What is usability? It's the study of making things usable, or, as you may know from filling out your taxes, backing up your computer (Mac users don't count), or even gassing up a different car, we all must do things that can be unclear at times.

Usability is not an entirely new concept but is finally becoming more mainstream: if things were designed with the end user in mind, how much easier could they be? How much money and time could be saved?

It's easier to find a parking spot at BWI now that green lights indicate open spaces. Universities that pour walkways before researching paths spend more reconstructing trampled lawns as students make preferred shortcuts known. Clear road signs can prevent existential crises, like what must happen to literally *everyone* at the below intersection:

A usable world is simply a better one.

The workshop, called "Introduction to Human-Centered Design" ("human-centered" is the preferred nomenclature in the field) was mainly an overview of the process: how to gather data, compile ideas, and make and test prototypes, and why it works to do it in a particular way (inquiry / prototype / test / repeat).

Problem-solving starts with identifying the problem. What is the issue? You may think it's one thing but until you talk to the people who experience it, you can't know for sure.

For example, chronically running late may appear to be a traffic issue but may actually be a planning one. Poor sleep quality may not be the mattress after all but instead too much light or noise at night.

In order to find out, you have to dig.

The class walked us through the process and had us leap almost immediately into the "field" to begin practicing our new interviewing skills. We used a generic question that could apply to anyone just for the sake of learning the process. We asked, "Is there anything that gets in the way of your health? Or of you being as healthy as you want?" (In a real case scenario, the questions would be tailored to the field.)

We roamed the building for people to interview. Not having been telemarketers in a previous lives made us shy approaching strangers but the class instructor gave us tips. "Approach gently and explain who you are and what you're doing. When you start hearing the same answers over and over, you'll know you've amassed enough data."

People eyed us suspiciously at first but when they realized we weren't collecting money, out poured the litany of health destroyers. They came in the form of many things: long commute, expensive food (broccoli costs more than ramen), picky children, gyms that were too far away and days that started before dawn. Our subjects looked weary just recounting all the things.

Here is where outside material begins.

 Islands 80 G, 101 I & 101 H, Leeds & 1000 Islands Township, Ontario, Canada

We dug deeper using techniques taught in the class, such as the "5 Whys" (a strategy no doubt borne from a toddler) where you ask "why" multiple times, or encourage a story or ask for a visual.

Answers did start to get repetitive and we found that the common thread was time. People weren't taking as much care of their health as they wanted because they didn't have enough time.

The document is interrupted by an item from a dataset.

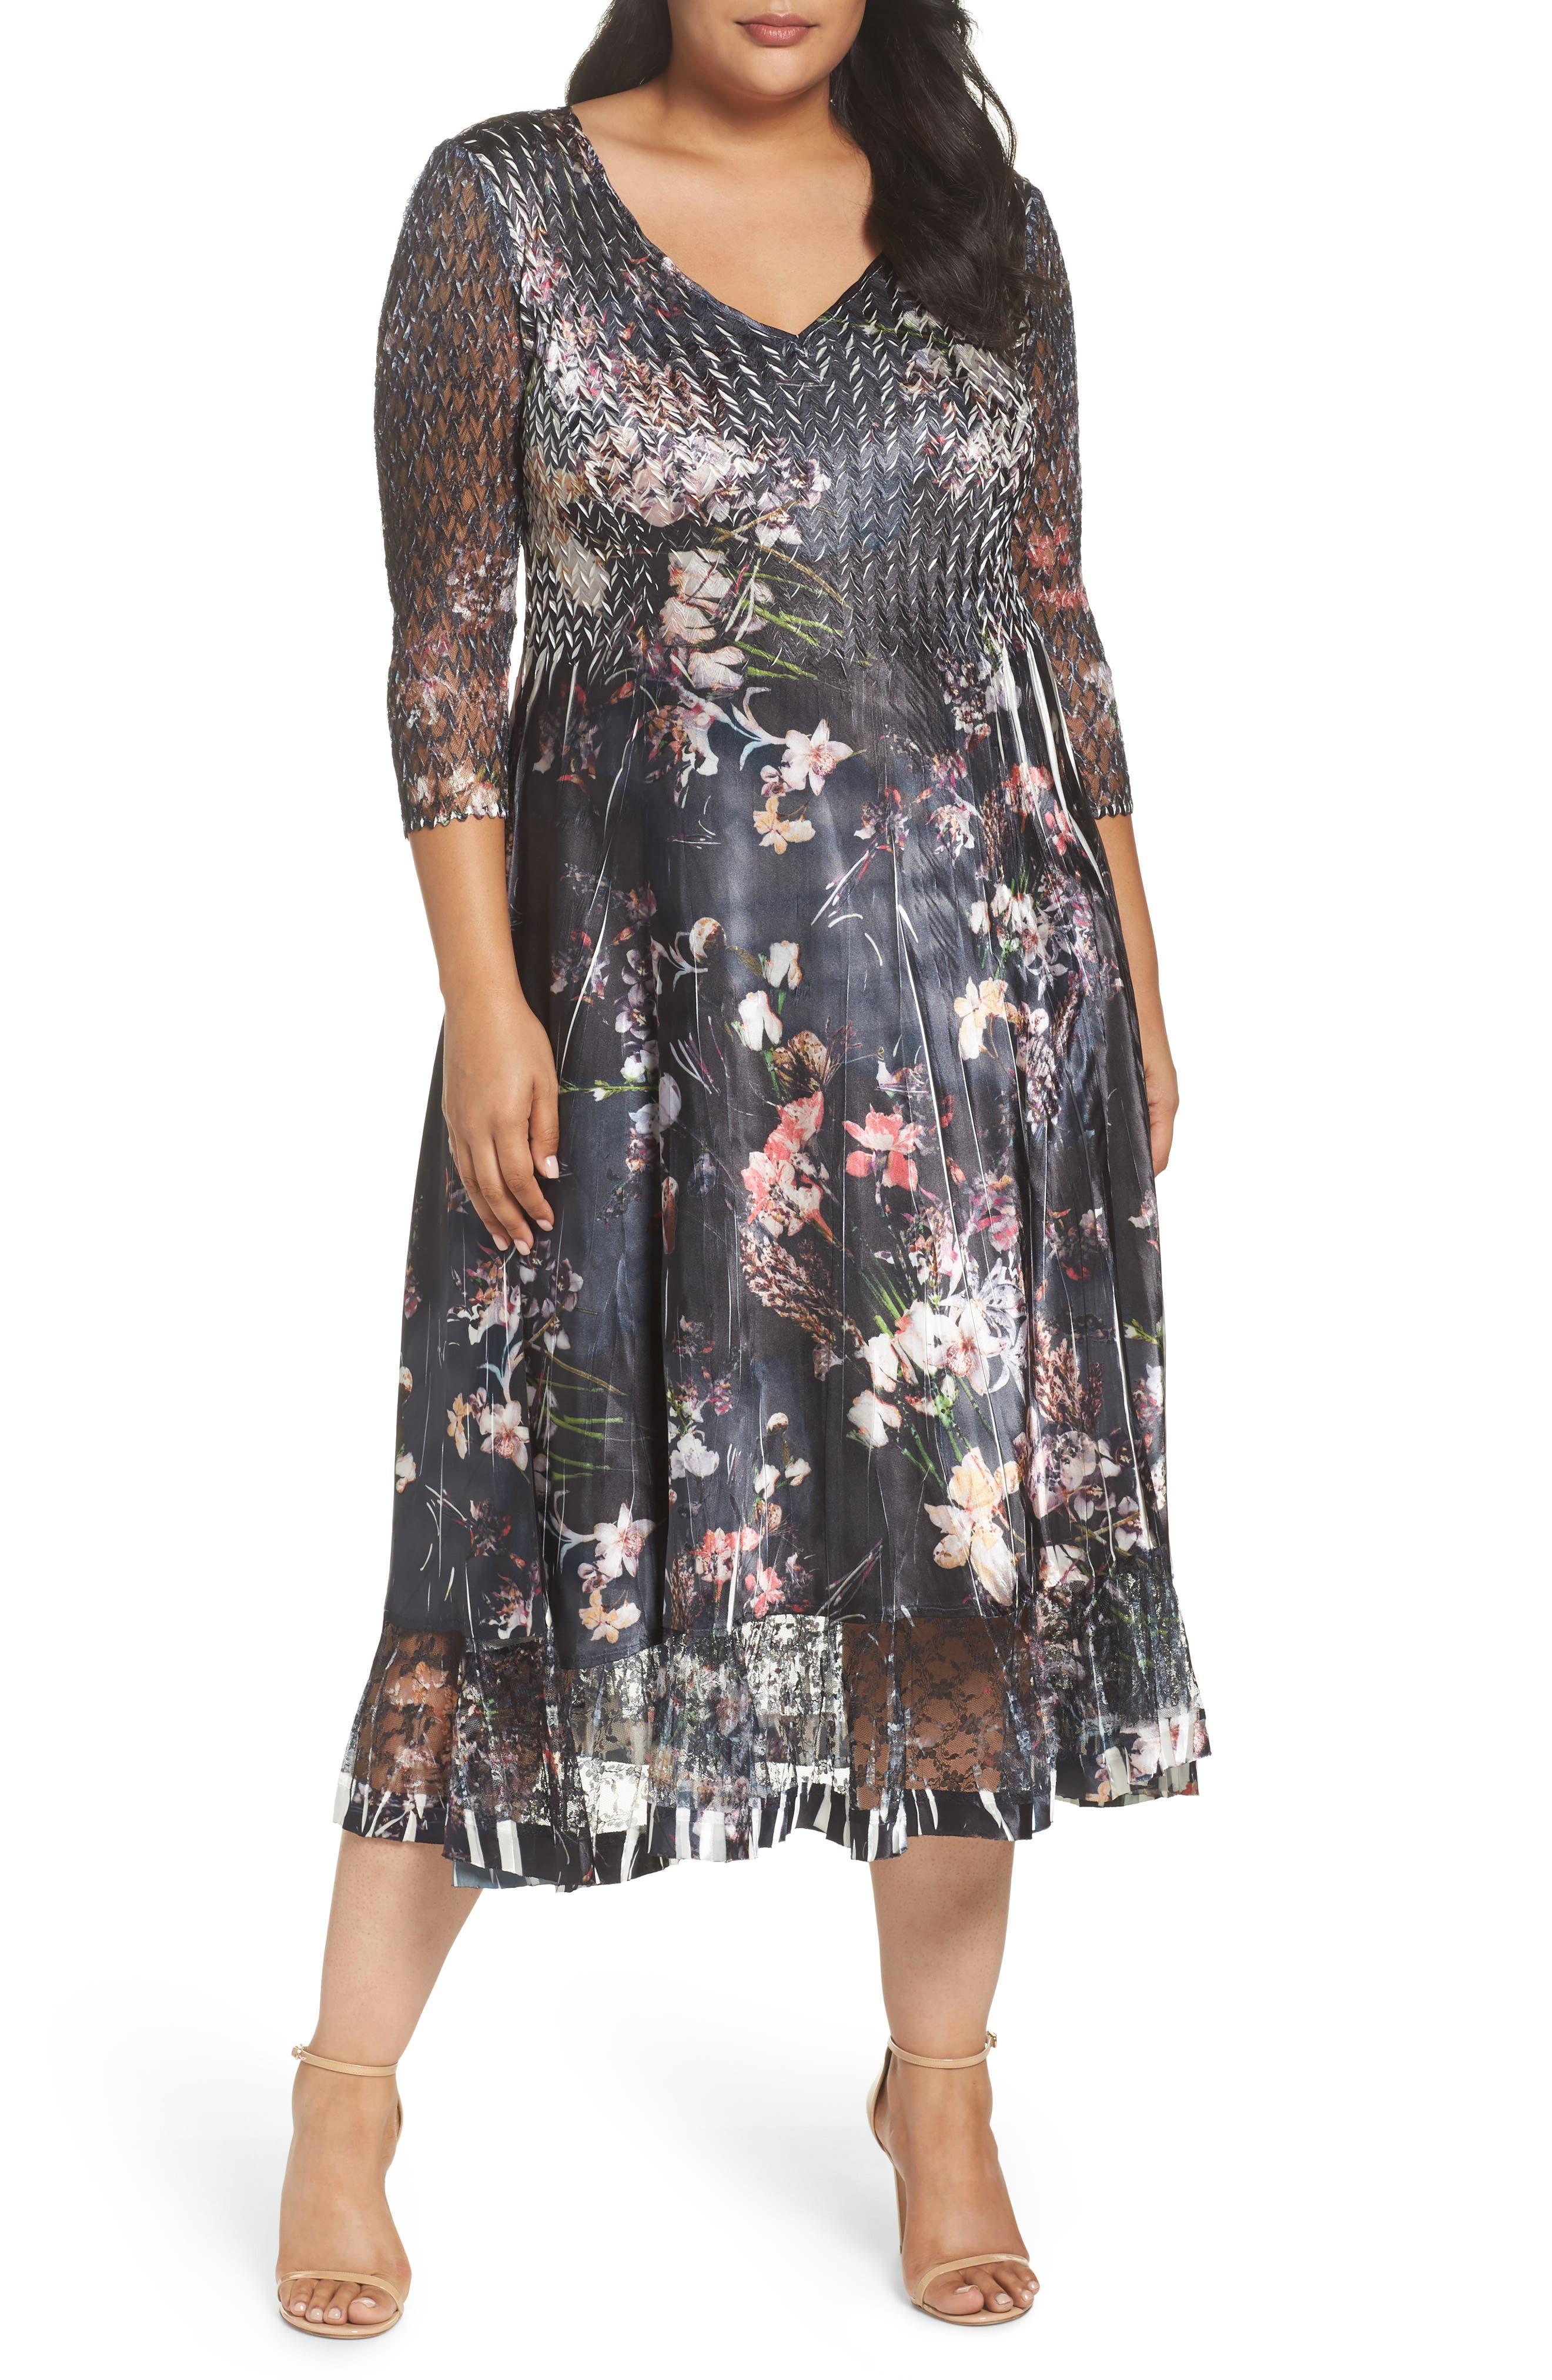 Main Image - Komarov Lace Inset Floral Chiffon A-Line Dress (Plus Size)

Next step: now what? People need more time, how could we make that happen?

Our team rejoined and after a brainstorming session that nixed moving to Venus just to have 5,000 more hours in a day, we developed possible "prototypes" -- actual, physical implementations to show people -- and marched back into the field to see how they'd fare.

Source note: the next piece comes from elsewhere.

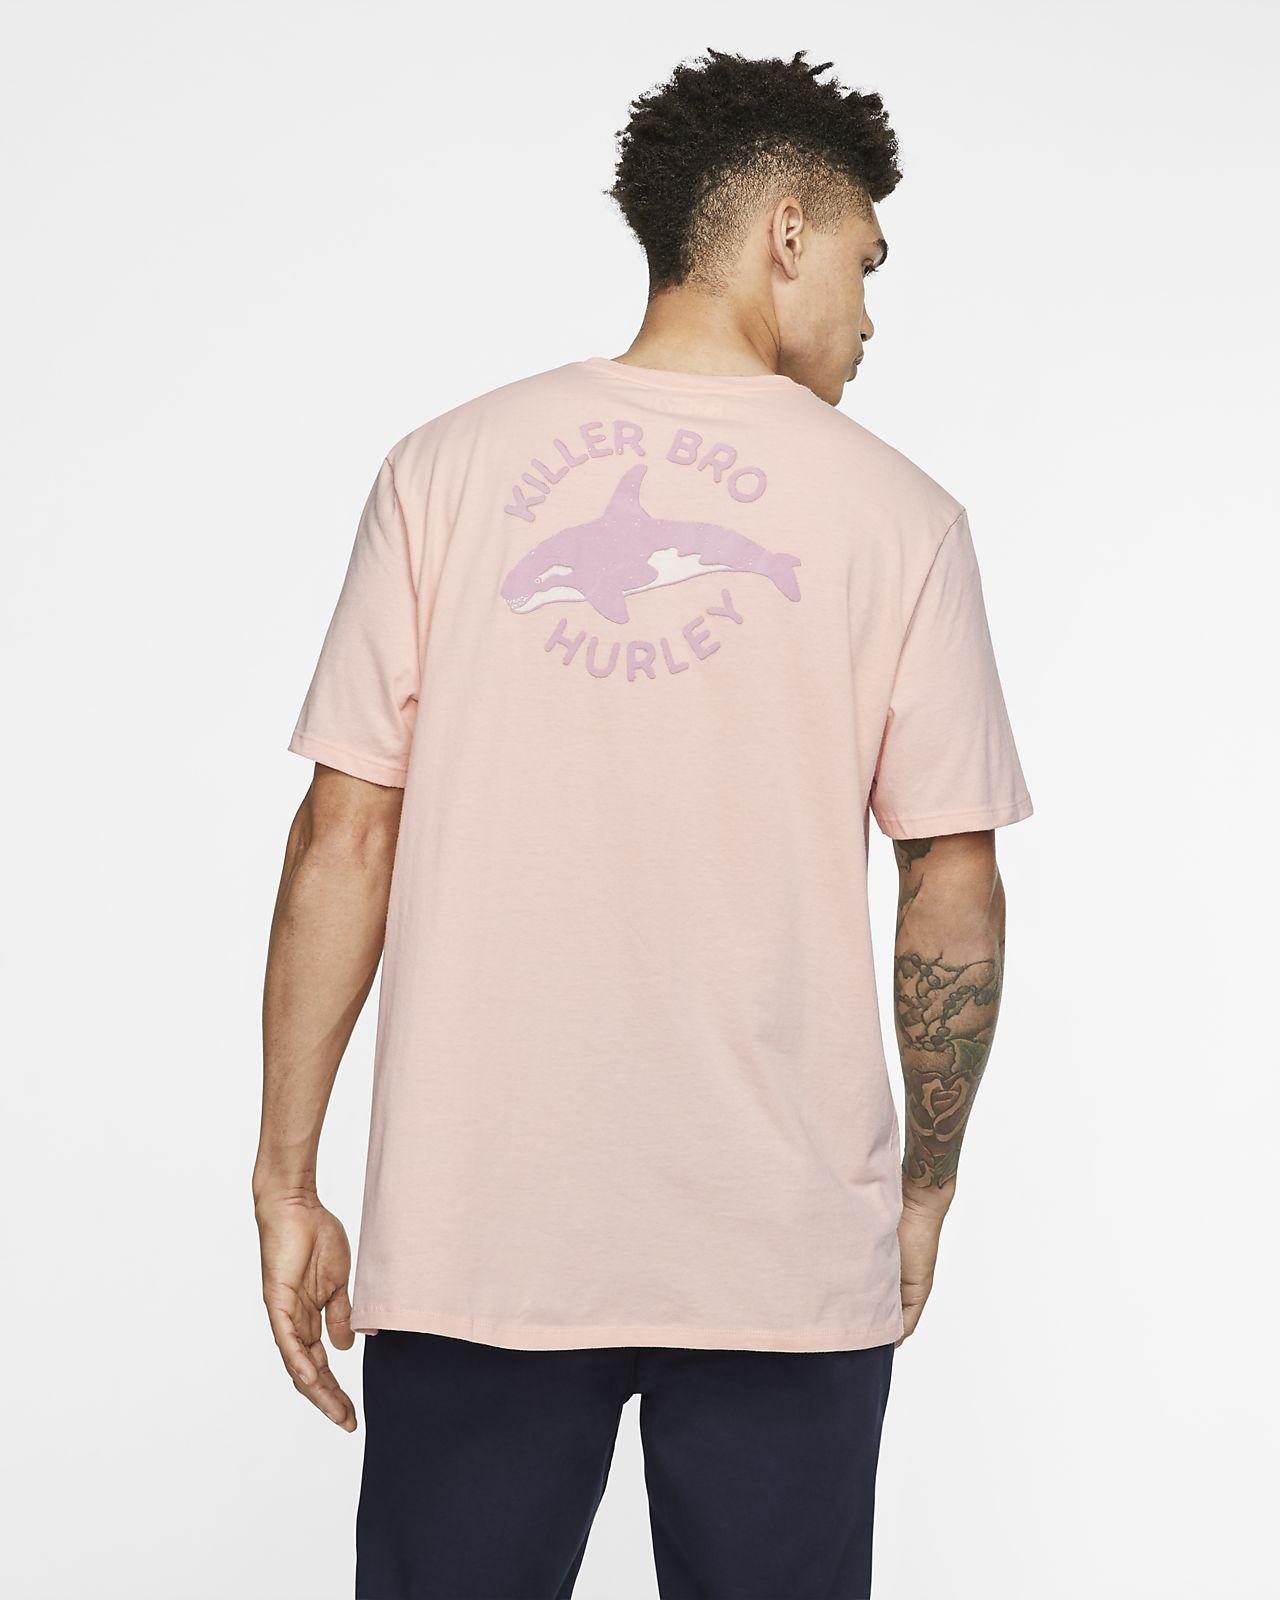 Hurley Premium Killer Bro Pocket Premium-Fit-T-Shirt für Herren

We interviewed more people but this time sporting a poster and miniature booklet as visual aids to illustrate our ideas: policies to improve work/life balance, like telecommuting, and utopia where folks could live near their work. After all, some folks spent 4 hours on the road every day. That's horrendous.

Other teams in our class came up with different ideas for improving health, like tools for information dissemination, apps to make exercise easier, and even a snazzy business plan to offer healthy food on the metro so travelers could save time eating breakfast on their commutes.

During this secondary idea-sharing stage, teams are encouraged to ask each other: what would you add to this idea? What questions do you have? What else should be considered? (We wondered, who would clean up the extra trash? Would we lose our seats if we got up to purchase a banana?) Input refines the idea.

Design thinking is iterative, meaning it can go around and around in loops. You start with the question, gather data, test your idea, ask more questions, test more ideas, lather, rinse, repeat.

The field combines elements of engineering and the social sciences: engineering because of the prototypes, and social sciences because of the interviewing.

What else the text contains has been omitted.